Sistem menetapkan batas waktu satu jam untuk menghabiskan 1600 tael, dia tidak hanya membayar uang muka, tetapi langsung melunasi penuh.

Setelah transaksi selesai, suara sistem segera terdengar.

[Selamat, tuan rumah telah menyelesaikan tugas, 1600 tael telah masuk rekening.]

Malam tadi dia sudah mentransfer semua uang dalam akun sistem kepada pria itu, sehingga saldo bank sistem sempat nol.

Sekarang saldo kembali naik menjadi 1600 tael.

Shi Qingnian kembali ke rombongan.

Seluruh rombongan pengasingan menunggunya di luar kota Yin.

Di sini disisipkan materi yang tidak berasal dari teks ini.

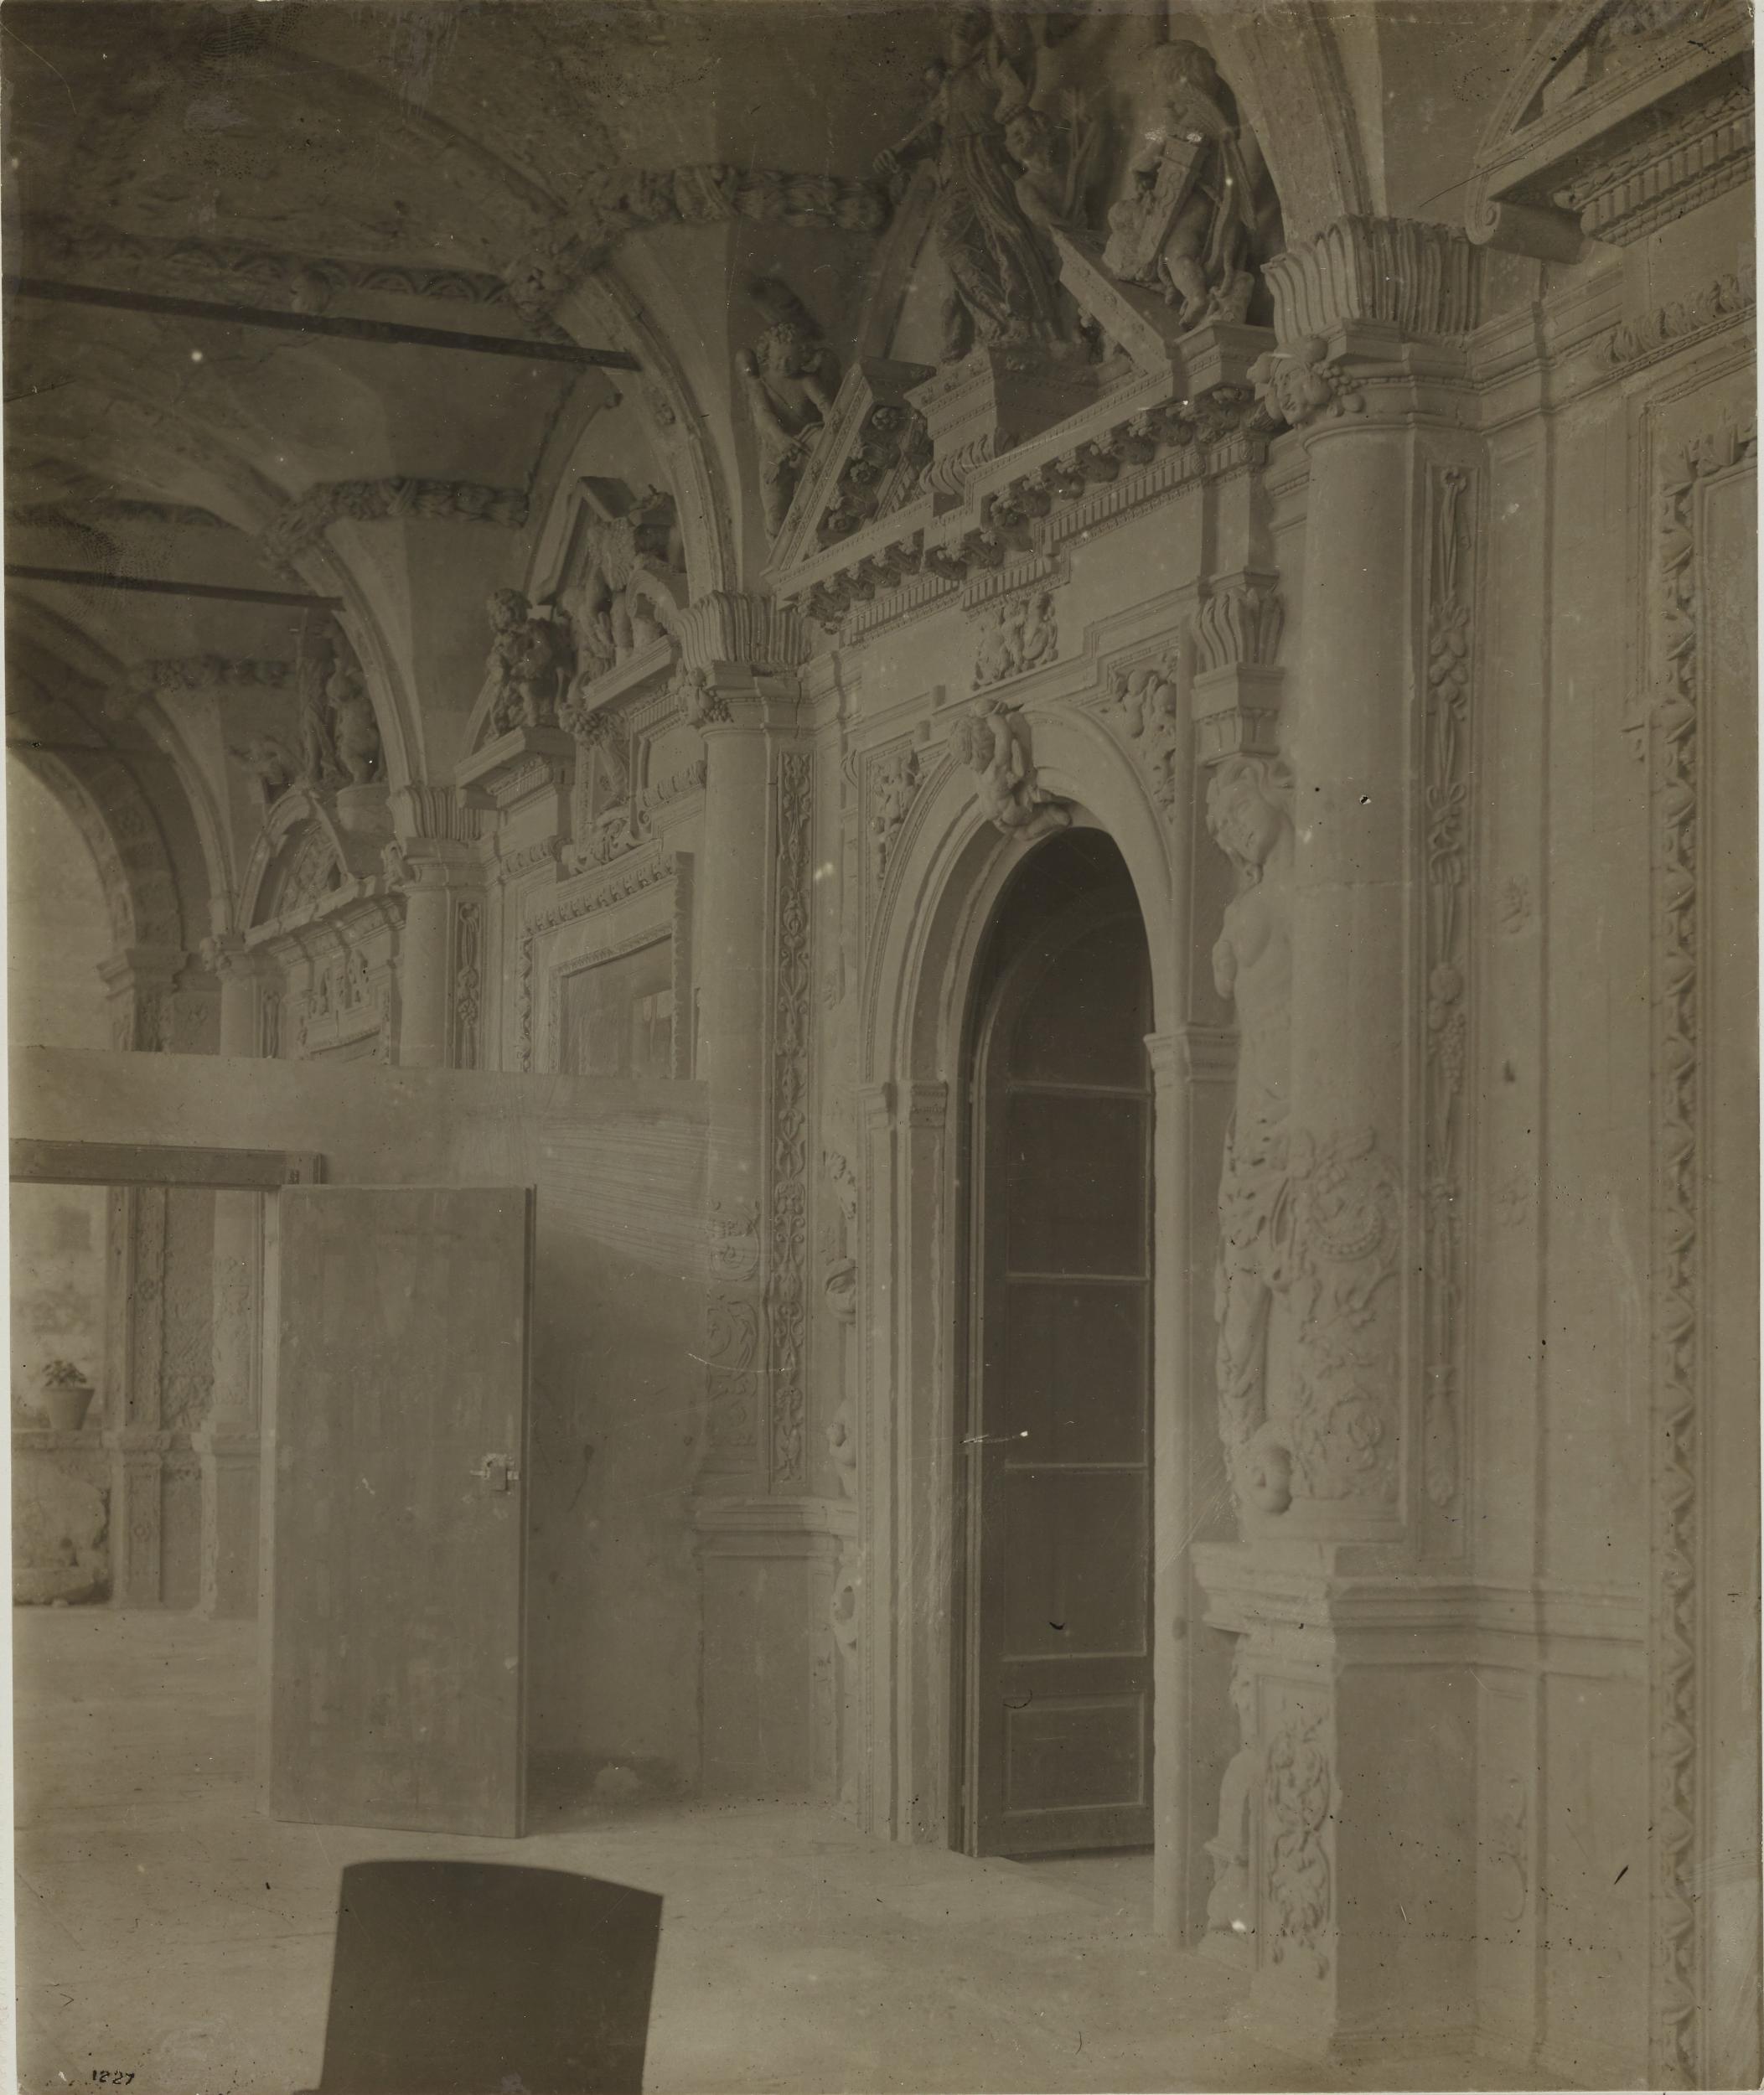 Fotografo non identificato, Barletta - Palazzo Montalto della Marra, la loggia, lavori di sistemazione, 1901-1925, gelatina ai sali d'argento/carta, MPI152544
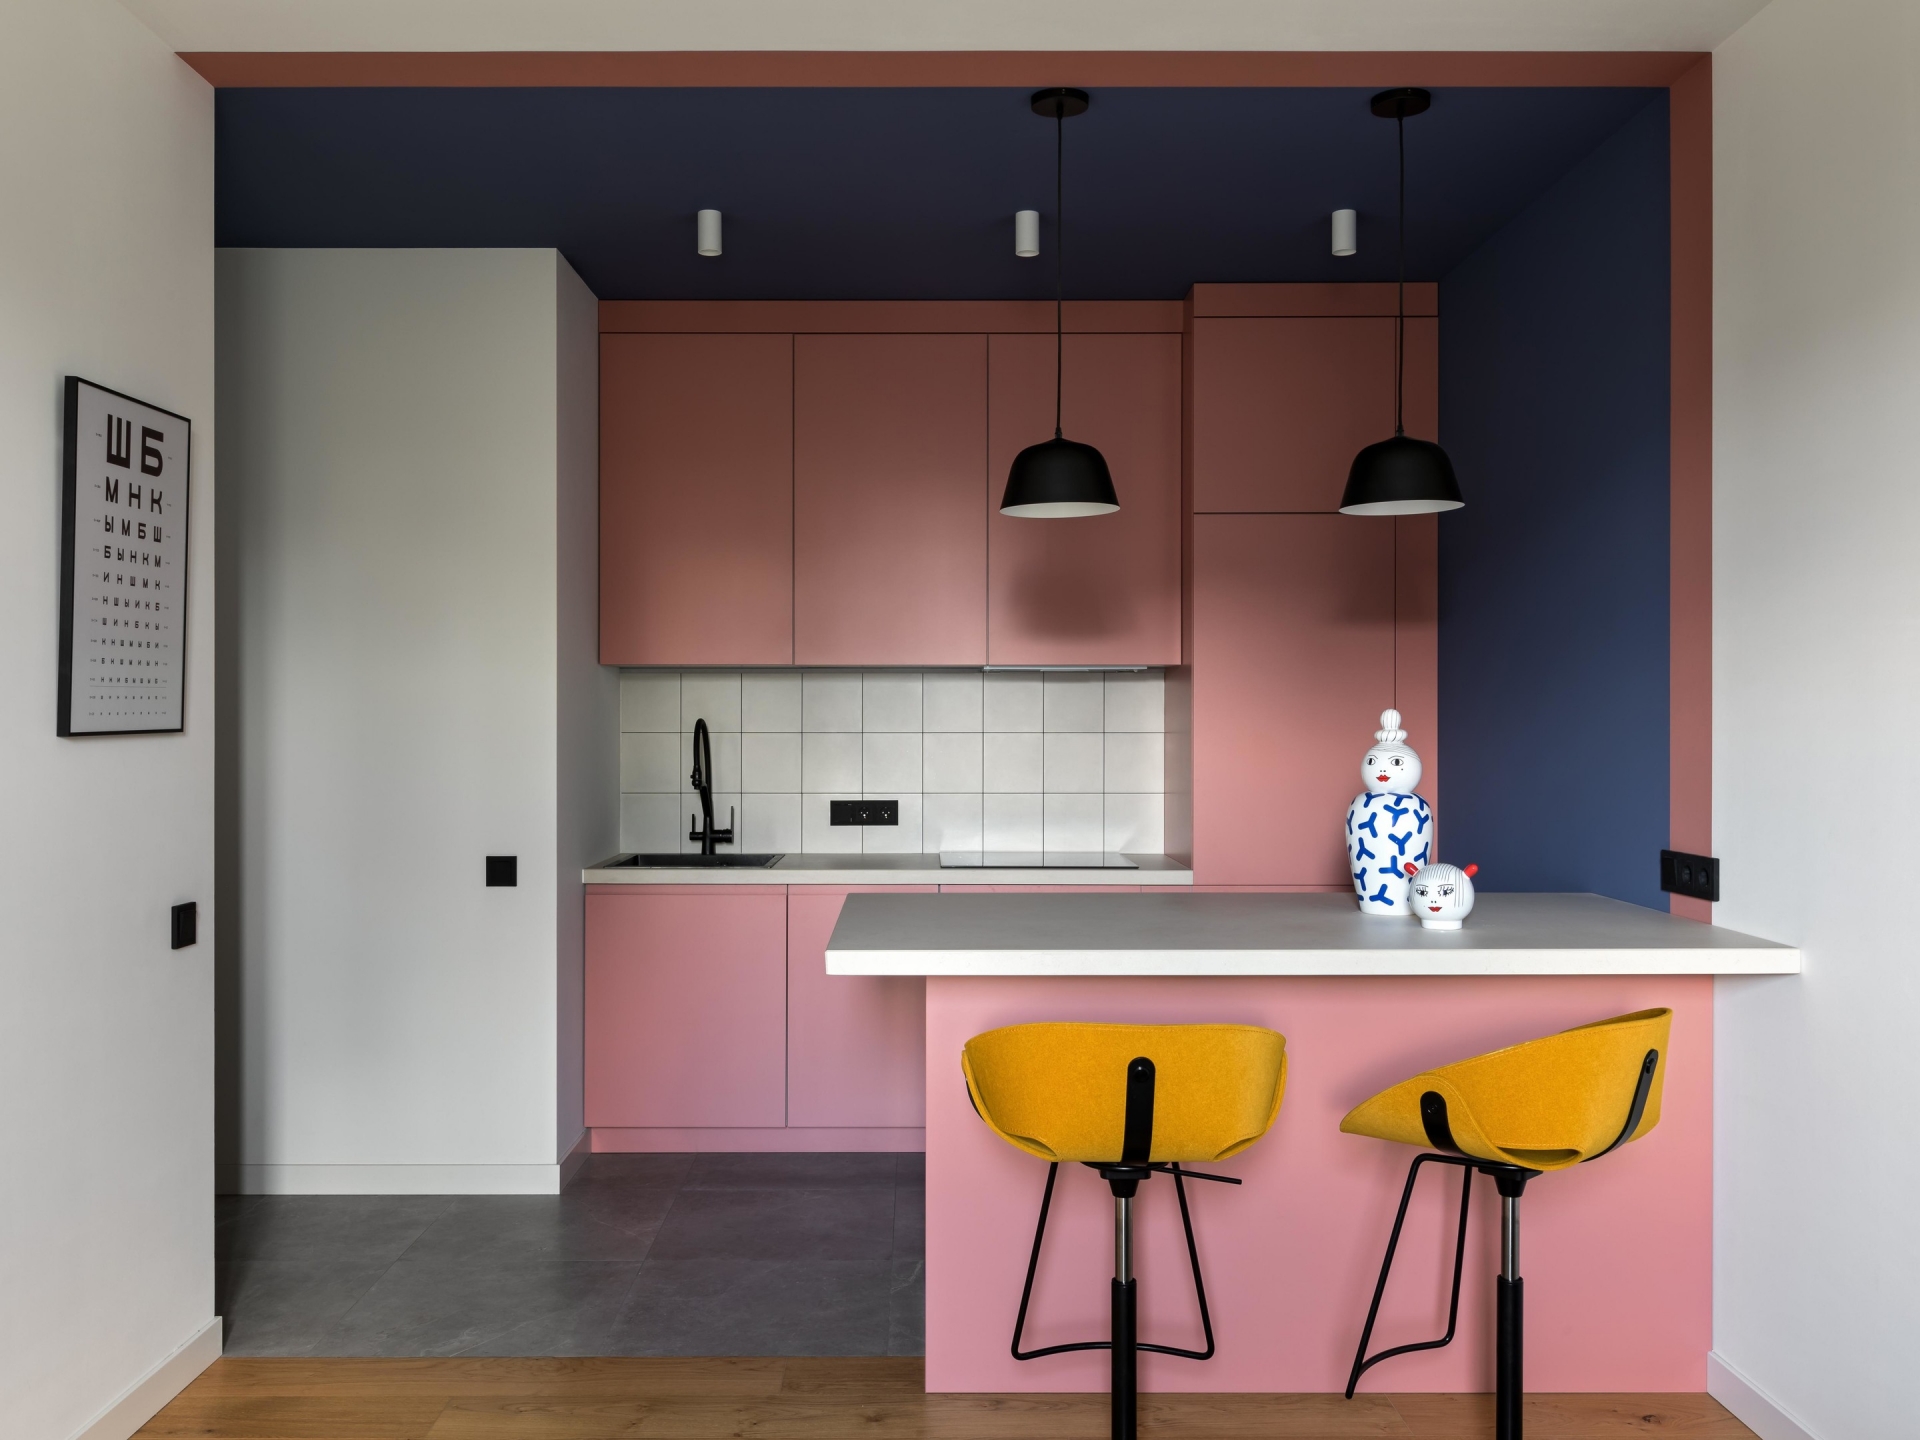 Phòng bếp và khu vực ăn uống thiết kế tối giản với hệ thống tủ lưu trữ và bàn ăn màu hồng phấn, xung quanh được bao bọc bởi bức tường xanh lam đậm. Ngoài ra còn bổ sung 2 chiếc ghế màu vàng mù tạt bắt mắt.

Begitu sampai, Zheng An’er tak tahan melontarkan sindiran pedas.

“Orang macam ini memang pelupa, kemarin karena mereka kita tidak bisa keluar kota, hari ini malah pergi ke pasar beli barang, bikin kita menunggu lama.”

Shi Qingnian tidak mengenal Zheng An’er, tapi suaranya terasa familiar, sepertinya pernah didengar sebelumnya.

Tiba-tiba, sebuah tongkat kayu menusuk tepat di dekat kaki Zheng An’er, membuatnya terkejut dan mundur beberapa langkah, lalu menatap ke arah tertentu dengan rasa takut.

Gadis itu berdiri dingin, diam, dengan ekor kuda diikat tinggi dan gagah.

Zheng An’er iri pada perlakuan istimewa Shi Qingnian di rombongan pengasingan, sejak malam kemarin dia sangat memperhatikan keluarga Shi, tentu mengenal gadis yang selalu mengikuti tiga orang Shi Qingnian itu.

Konon katanya, itu adalah kakak tertua mereka.

Shi Chanxi melirik dingin ke arah Zheng An’er, “Jaga mulutmu.”

Inilah yang disebut sebagai iblis wanita yang diakui oleh Shi Jinmian dan Shi Yun, mereka semua tidak berani mengusiknya, apalagi Zheng An’er yang langsung kehilangan kata-kata karena ketakutan menghadapi aura Shi Chanxi.

Setelah berkata demikian, Shi Chanxi dengan santai mencabut tongkat kayu dari tanah.

Shi Yun melihat kesempatan, awalnya ingin maju, tapi di detik berikutnya tubuhnya melayang, dia diangkat dan diletakkan di atas seekor kuda.

Chu Lingying sambil menggendong Shi Yun kembali ke kuda, khawatir pada Shi Qingnian, “Nian’er, selama perjalanan ini kau harus lebih berhati-hati, jangan terlalu menonjol, kita kan harus menempuh perjalanan bersama, terlalu mencolok tidak baik.”